Population Around 1,200,000 people lived in Kashgaria according to Kuropatkin at the close of the 19th century, while 1,015,000 people lived in Kashgaria according to Forsyth. 2.5 million was the population guessed by Grennard. At the start of the 19th century, 40 years after the Qing reconquest, there were around 155,000 Han and Hui Chinese in northern Xinjiang and somewhat more than twice that number of Uyghurs in southern Xinjiang. A census of Xinjiang under Qing rule in the early 19th century tabulated ethnic shares of the population as 30%
Han and 60%
Turkic, while it dramatically shifted to 6% Han and 75% Uyghur in the 1953 census, however a situation similar to the Qing era-demographics with a large number of Han has been restored as of 2000 with 40.57% Han and 45.21% Uyghur. Professor Stanley W. Toops noted that today's demographic situation is similar to that of the early Qing period in Xinjiang. Before 1831, only a few hundred Chinese merchants lived in southern Xinjiang oases (Tarim Basin) and only a few Uyghurs lived in northern Xinjiang (Dzungaria).
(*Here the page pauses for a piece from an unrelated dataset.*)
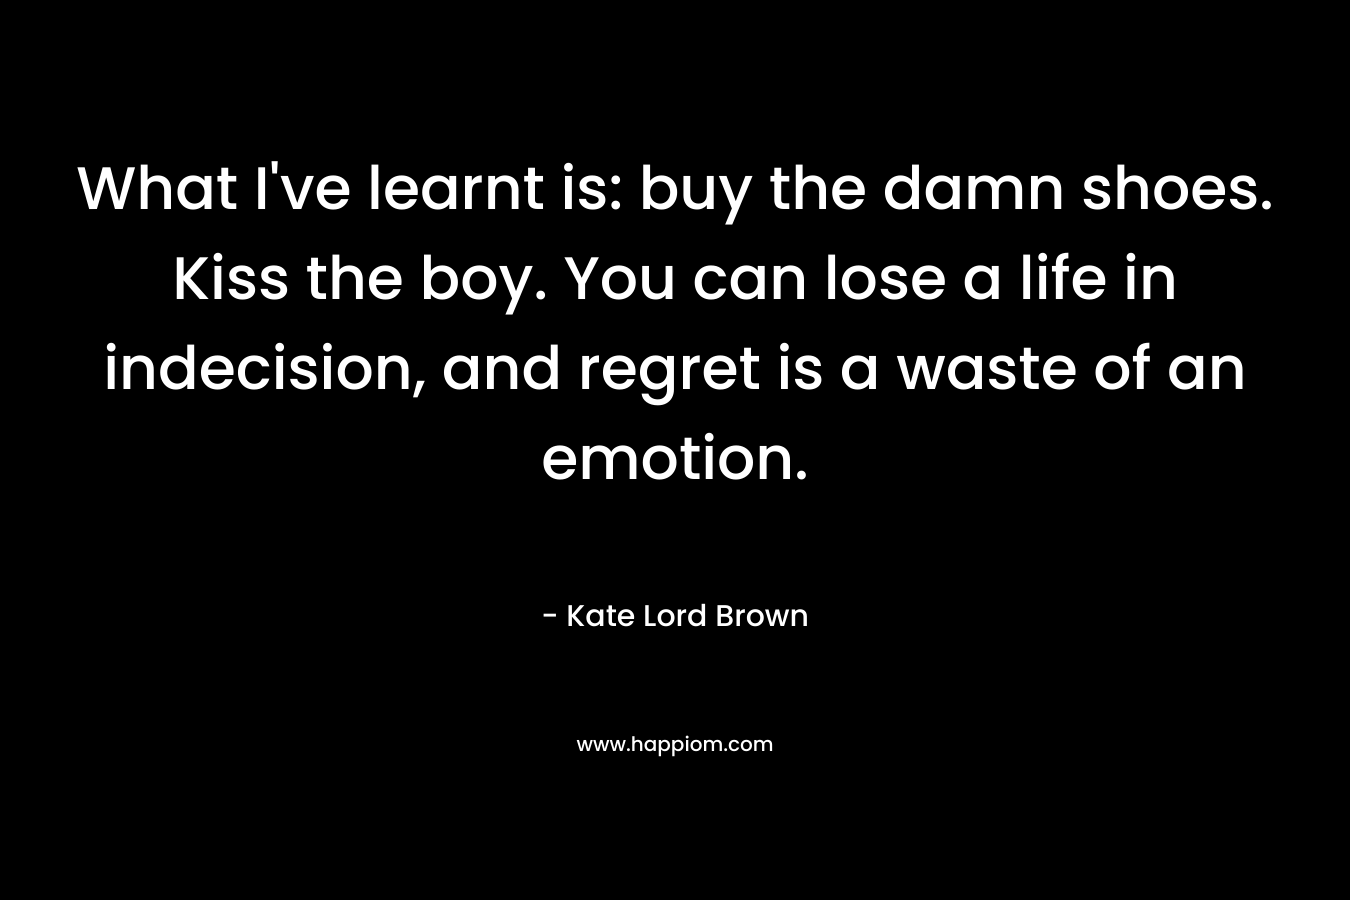 What I’ve learnt is: buy the damn shoes. Kiss the boy. You can lose a life in indecision, and regret is a waste of an emotion. – Kate Lord Brown

Kalmyk Oirats return The Oirat Mongol
Kalmyk Khanate was founded in the 17th century with Tibetan Buddhism as its main religion, following the earlier migration of the
Oirats from Dzungaria through Central Asia to the steppe around the mouth of the
Volga River. During the course of the 18th century, they were absorbed by the Russian Empire, which was then expanding to the south and east. The Russian Orthodox church pressured many
Kalmyks to adopt Orthodoxy. In the winter of 1770–1771, about 300,000 Kalmyks set out to return to China. Their goal was to retake control of Dzungaria from the Qing dynasty. Along the way many were attacked and killed by
Kazakhs and
Kyrgyz, their historical enemies based on intertribal competition for land, and many more died of starvation and disease. After several grueling months of travel, only one-third of the original group reached Dzungaria and had no choice but to surrender to the Qing upon arrival. These Kalmyks became known as Oirat
Torghut Mongols. After being settled in Qing territory, the Torghuts were coerced by the Qing into giving up their nomadic lifestyle and to take up sedentary agriculture instead as part of a deliberate policy by the Qing to enfeeble them. They proved to be incompetent farmers and they became destitute, selling their children into slavery, engaging in prostitution, and stealing, according to the Manchu Qi-yi-shi. Child slaves were in demand on the Central Asian slave market, and Torghut children were sold into this slave trade.
Ush rebellion The
Ush rebellion in 1765 by Uyghurs against the
Manchus occurred after Uyghur women were gang raped by the servants and son of Manchu official Su-cheng. It was said that ''Ush Muslims had long wanted to sleep on [Sucheng and son's] hides and eat their flesh.'' because of the rape of Uyghur Muslim women for months by the Manchu official Sucheng and his son. The Manchu Emperor ordered that the Uyghur rebel town be massacred, the Qing forces enslaved all the Uyghur children and women and slaughtered the Uyghur men. Manchu soldiers and Manchu officials regularly having sex with or raping Uyghur women caused massive hatred and anger by Uyghur Muslims to Manchu rule. The
invasion by Jahangir Khoja was preceded by another Qing official, Binjing, who extorted bribes on a massive scale and raped a Muslim daughter of the Kokan aqsaqal from 1818 to 1820. The Qing sought to cover up the extent of Binjing's activities so as to not incite revolt against the dynasty.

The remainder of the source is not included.